I've added another picture of myself under my profile....


----------



## angelpixie (Mar 2, 2012)

Looking good, Proud! :smthumbup:


----------



## angelpixie (Mar 2, 2012)

How are you liking your new place?


----------



## proudwidaddy (Dec 26, 2011)

I'm loving it.....best friend and I are having a great time. My kids love the place, better commute....closer to the city where my friends are.


----------



## bandit.45 (Feb 8, 2012)

Beautiful kids!


----------



## proudwidaddy (Dec 26, 2011)

Thanks Bandit


----------



## Dollystanford (Mar 14, 2012)

oh thank goodness it's just your sweet face Proud, i thought you were going to show us your new lingerie


----------



## proudwidaddy (Dec 26, 2011)

I'm speechless....don't know how to respond to that


----------



## Dollystanford (Mar 14, 2012)

you're welcome


----------



## bandit.45 (Feb 8, 2012)

Ban her!!! Ban her!!!


----------



## angelpixie (Mar 2, 2012)

Why? It's nothing we haven't all seen before, generally speaking...


----------



## bandit.45 (Feb 8, 2012)

My junk is bigger.


----------



## Dollystanford (Mar 14, 2012)

bandit.45 said:


> Ban her!!! Ban her!!!


----------



## pidge70 (Jan 17, 2011)

Dollystanford said:


> oh thank goodness it's just your sweet face Proud, i thought you were going to show us your new lingerie


I'm going to get those for Joe!........:smthumbup:


----------



## bandit.45 (Feb 8, 2012)

Dollystanford said:


>


God!

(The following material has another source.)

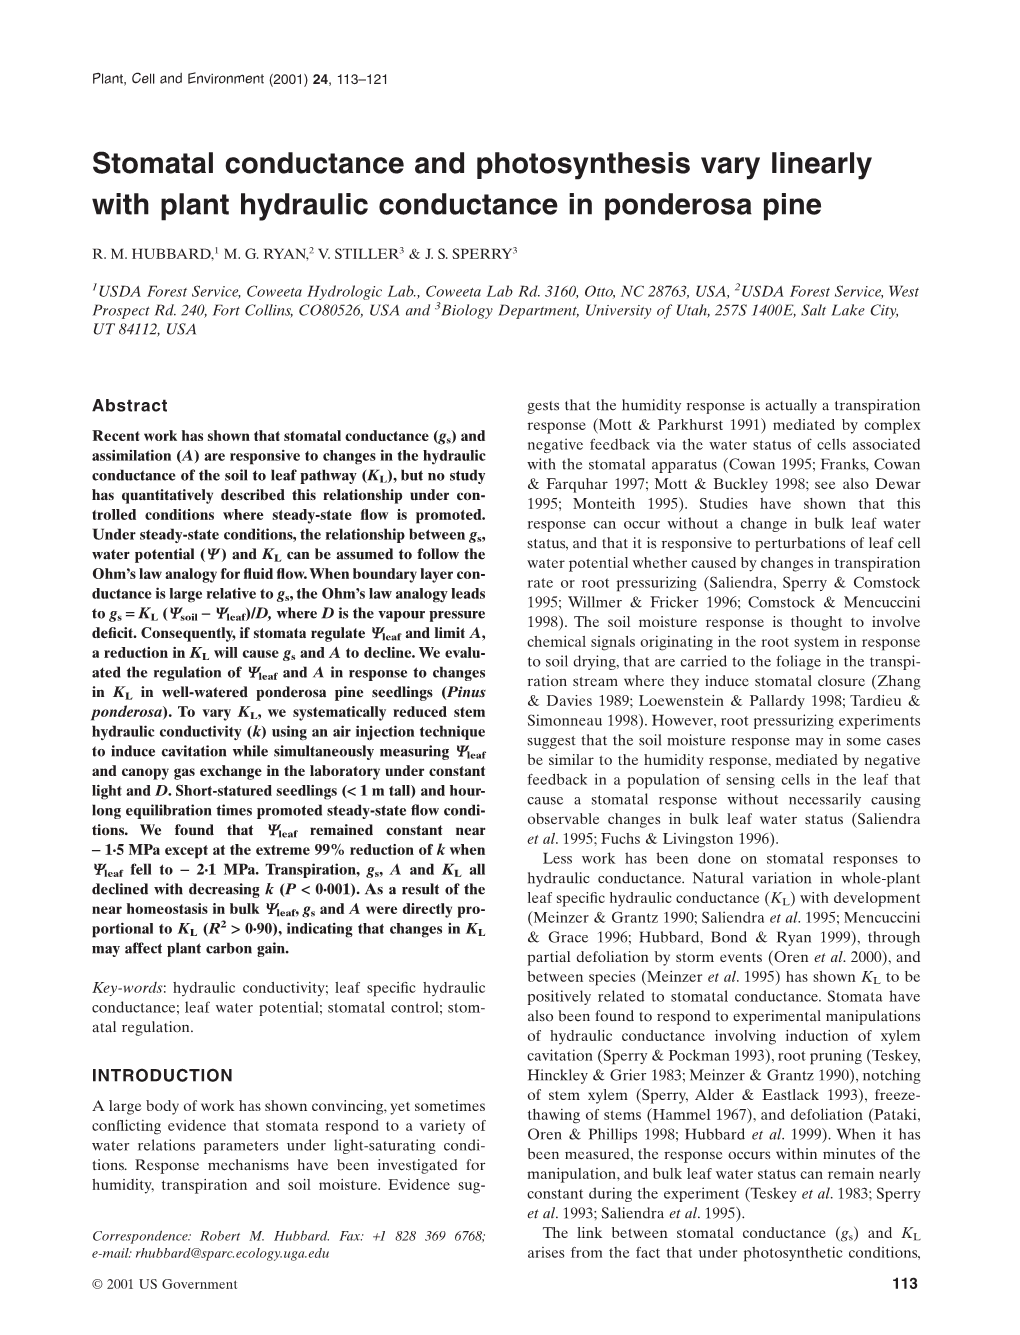 Stomatal Conductance and Photosynthesis Vary Linearly with Plant Hydraulic Conductance in Ponderosa Pine

You know I'm kidding....


----------



## Dollystanford (Mar 14, 2012)

I'm ill today bandit, I need to feel the love in the room

Pidge - do it!!!! do it do it do it

don't post a picture though


----------



## pidge70 (Jan 17, 2011)

Dollystanford said:


> I'm ill today bandit, I need to feel the love in the room
> 
> Pidge - do it!!!! do it do it do it
> 
> don't post a picture though


I would need to get a bigger "pouch" or else there will be spillage.........lol


----------



## Dollystanford (Mar 14, 2012)

ha ha Joe thanks you I'm sure


----------



## bandit.45 (Feb 8, 2012)

Dollystanford said:


> I'm ill today bandit, I need to feel the love in the room
> 
> Pidge - do it!!!! do it do it do it
> 
> don't post a picture though


You know I love you girl....


----------



## Dollystanford (Mar 14, 2012)

:bounce:


----------



## proudwidaddy (Dec 26, 2011)

Dolly much love for you


----------



## bandit.45 (Feb 8, 2012)

So Proud, has the ex still been acting like a squirelly b*tch towrds you? Has she been acting all nicey nicey, or is the reality of her choices setting in now?


----------



## warlock07 (Oct 28, 2011)

The threads here wouldn't be half as fun without Dolly. She is awesome


----------



## proudwidaddy (Dec 26, 2011)

Bandit,
No she has been lost in her own world lately, getting ready for her week long trip with her boyfriend at the end of the month to go out to Cali


----------



## MyselfAgain (Apr 21, 2012)

Bandit is off on a date with his lady friend, so I'm going to jump in here and say, to hell with the ex. Proud can do much, much better.
_Posted via Mobile Device_


----------



## proudwidaddy (Dec 26, 2011)

Oh I know I can


----------